A household is a group of people residing within a home. Since the average
number of rooms and bedrooms in this dataset are provided per household, these
columns may take surprisingly large values for block groups with few households
and many empty houses, such as vacation resorts.

It can be downloaded/loaded using the
:func:`sklearn.datasets.fetch_california_housing` function.

.. rubric:: References

- Pace, R. Kelley and Ronald Barry, Sparse Spatial Autoregressions,
  Statistics and Probability Letters, 33:291-297, 1997.

Dataset Features#

The data from the CA housing dataset is represented as a NumPy array whose rows represent a census block and whose columns represent house-related features (dimensions) of each census block such as the average age of a block’s houses and the average number of bedrooms of houses in each block. See the dataset description above for more information.

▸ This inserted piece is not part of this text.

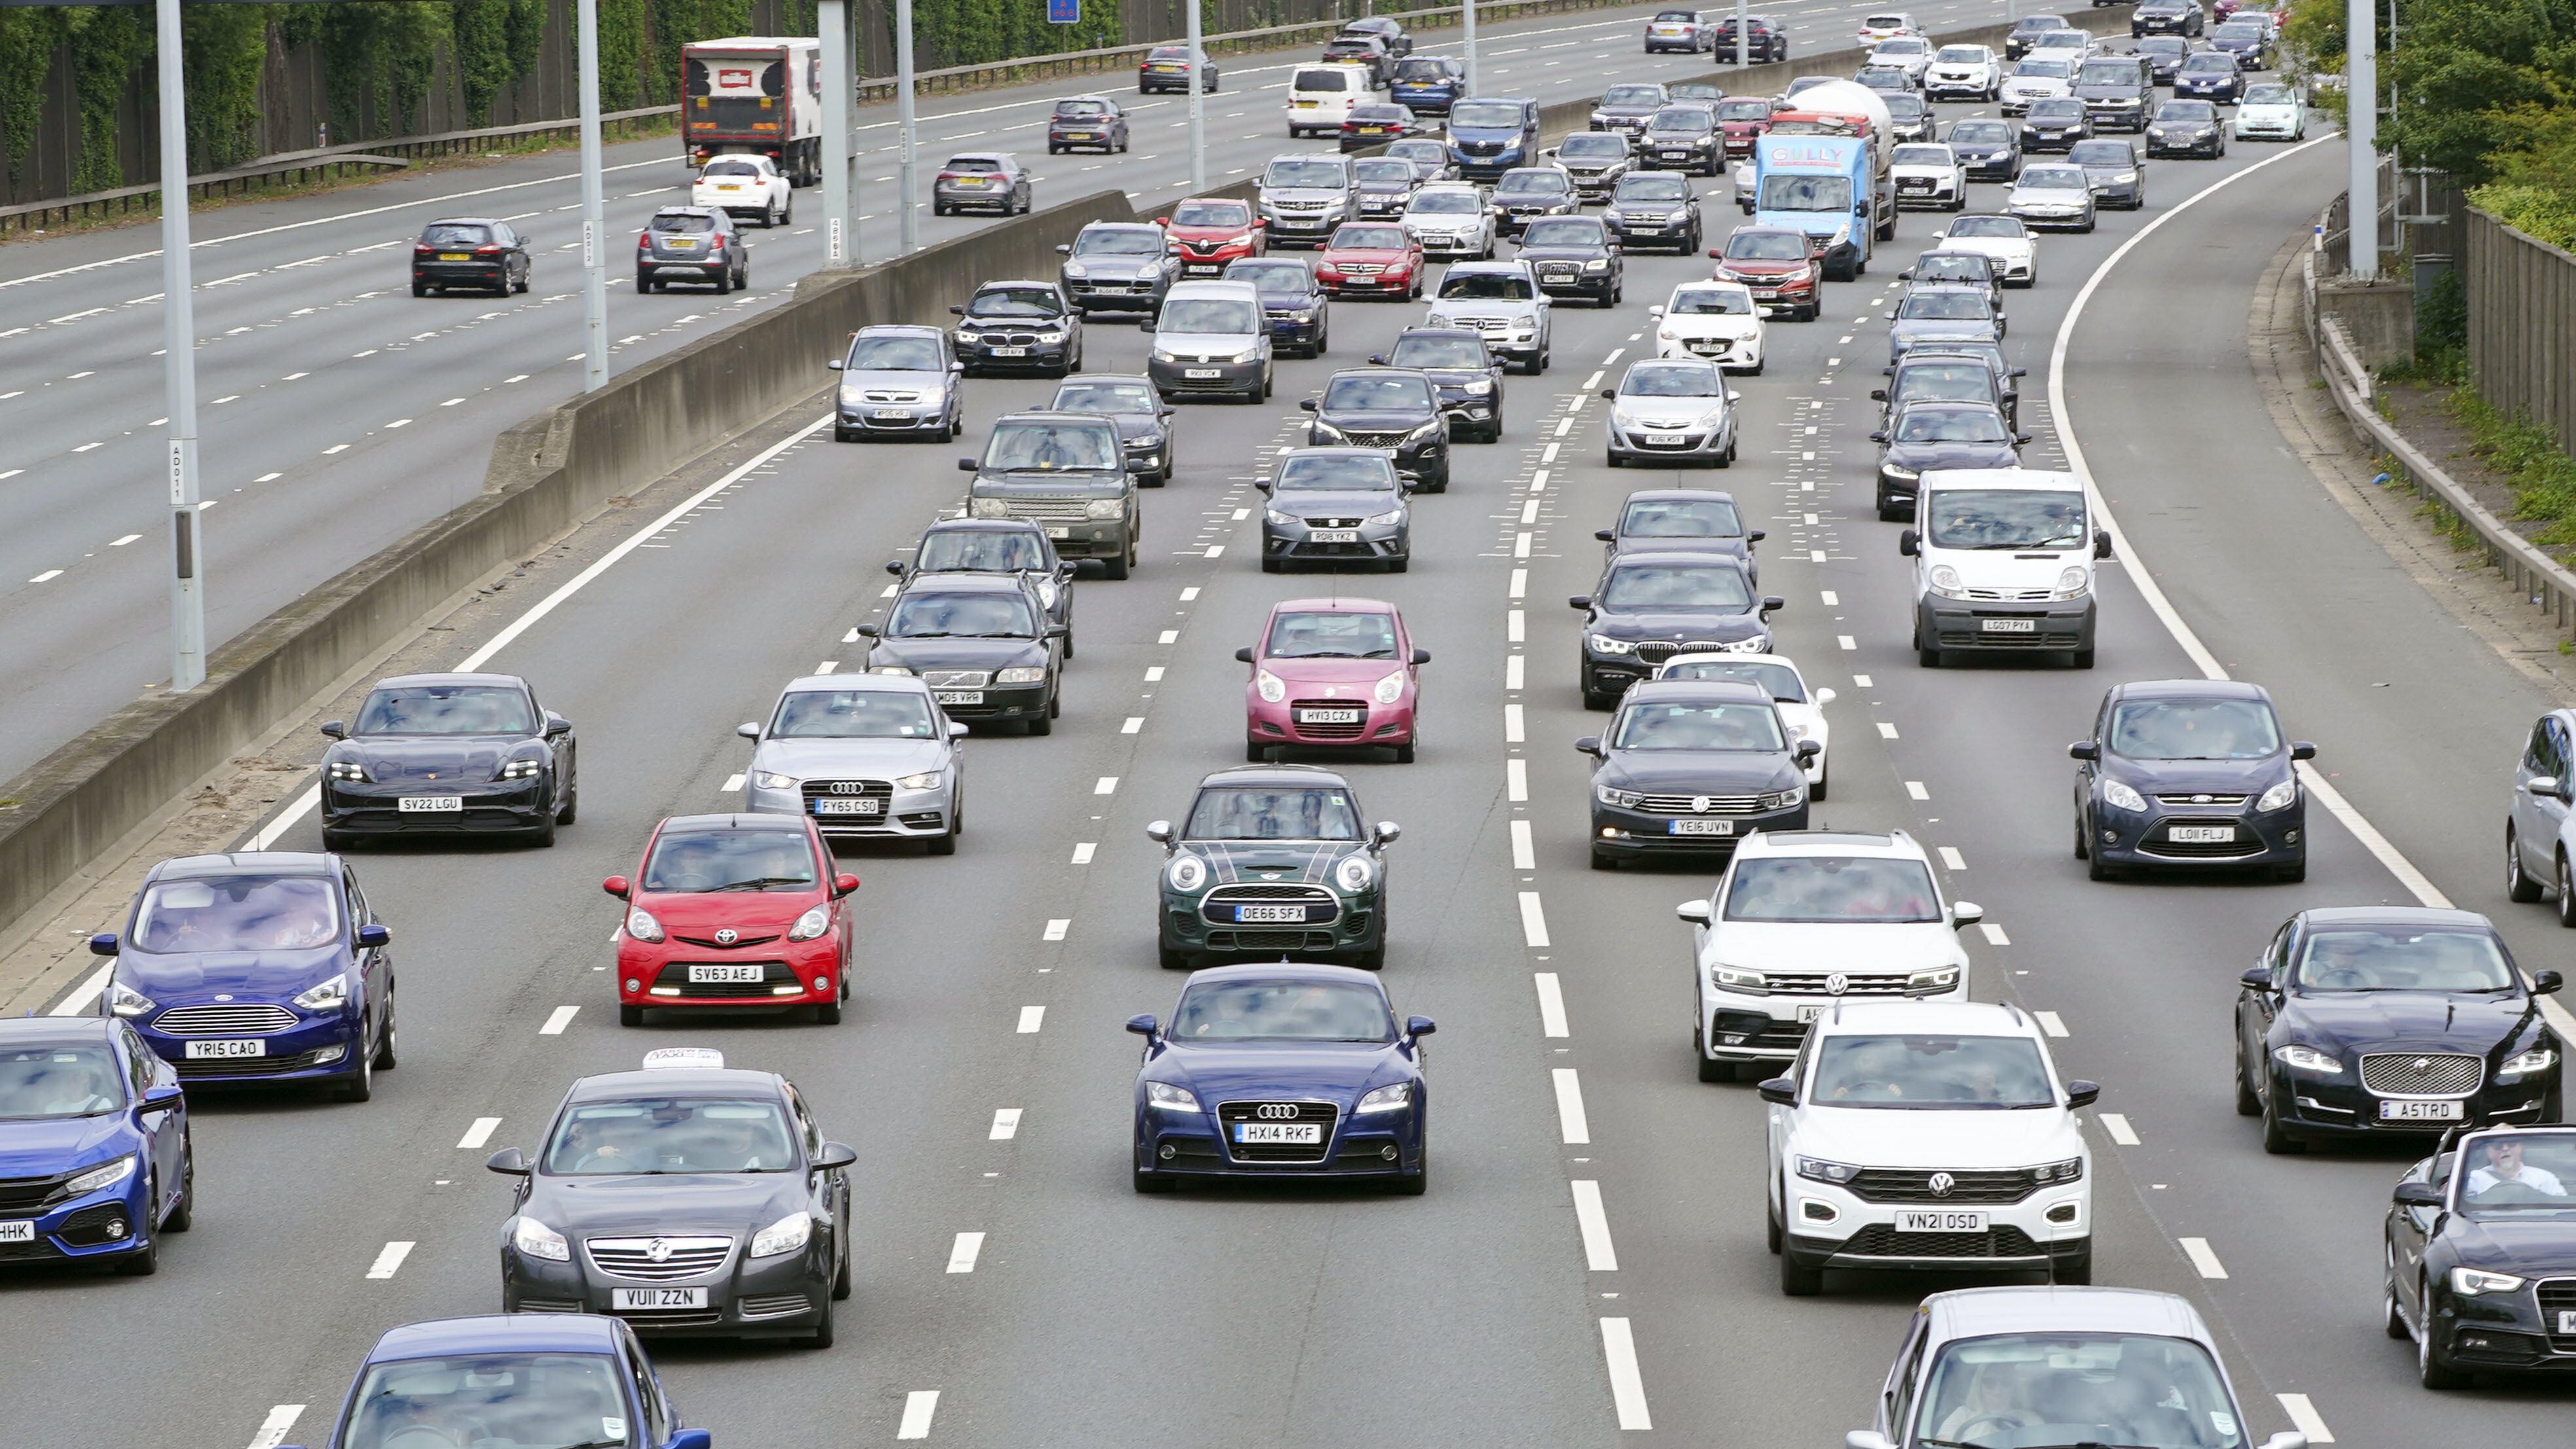 Vehicles queue on the M25 motorway near Egham, Surrey, on day two of the Platinum Jubilee celebrations. Picture date: Friday June 3, 2022.

A quick inspection confirms that there are the same number of feature names in the dataset as there are columns in the data matrix.

print(f'Feature names: {len(ca_housing_featnames)}')
print(f'Data shape: {ca_housing_featdata.shape}')

Feature names: 8
Data shape: (20640, 8)

We can use Pandas to organize the feature matrix and feature names into a DataFrame.

# To organize the dataset into a dataframe, we use Pandas:
import pandas as pd

feat_df = pd.DataFrame(dict(zip(ca_housing_featnames, ca_housing_featdata.T)))

# Display the dataframe:
feat_df

	MedInc	HouseAge	AveRooms	AveBedrms	Population	AveOccup	Latitude	Longitude
0	8.3252	41.0	6.984127	1.023810	322.0	2.555556	37.88	-122.23
1	8.3014	21.0	6.238137	0.971880	2401.0	2.109842	37.86	-122.22
2	7.2574	52.0	8.288136	1.073446	496.0	2.802260	37.85	-122.24
3	5.6431	52.0	5.817352	1.073059	558.0	2.547945	37.85	-122.25
4	3.8462	52.0	6.281853	1.081081	565.0	2.181467	37.85	-122.25
...	...	...	...	...	...	...	...	...
20635	1.5603	25.0	5.045455	1.133333	845.0	2.560606	39.48	-121.09
20636	2.5568	18.0	6.114035	1.315789	356.0	3.122807	39.49	-121.21
20637	1.7000	17.0	5.205543	1.120092	1007.0	2.325635	39.43	-121.22
20638	1.8672	18.0	5.329513	1.171920	741.0	2.123209	39.43	-121.32
20639	2.3886	16.0	5.254717	1.162264	1387.0	2.616981	39.37	-121.24

20640 rows × 8 columns

Target Data#

The CA housing dataset contains a “target” variable representing the median value of a house in each census block. Although we won’t be using this target value in our methods (because we will be studying unsupervised methods in this lesson), we will want to look at it periodically to see if our unsupervised methods have deduced anything useful.

We can keep track of the target data by making it into its own DataFrame.

targ_df = pd.DataFrame({ca_housing_targnames[0]: ca_housing_targdata})

# Display the dataframe:
targ_df

	MedHouseVal
0	4.526
1	3.585
2	3.521
3	3.413
4	3.422
...	...
20635	0.781
20636	0.771
20637	0.923
20638	0.847
20639	0.894

20640 rows × 1 columns

Lesson Goals#

In this lesson we will deduce what we can about the California Housing dataset and attempt to make predictions about the dataset’s target variables. Because this lesson is on unsupervised learning, we won’t be using the target data to train any of the methods in this lesson, but we will see whether we can learn about the target variable nonetheless.

By the end of this lesson, you should be comfortable with the following concepts:

We’ll first look at the k-means algorithm for putting rows of the CA housing dataset into clusters based on their similarity.
Next, we’ll use Principal Component Analysis (PCA) to visualize and examine the covariance of the dataset.
Finally, we’ll look at some ways that these methods can fail by comparing them to Locally Linear Embedding (LLE).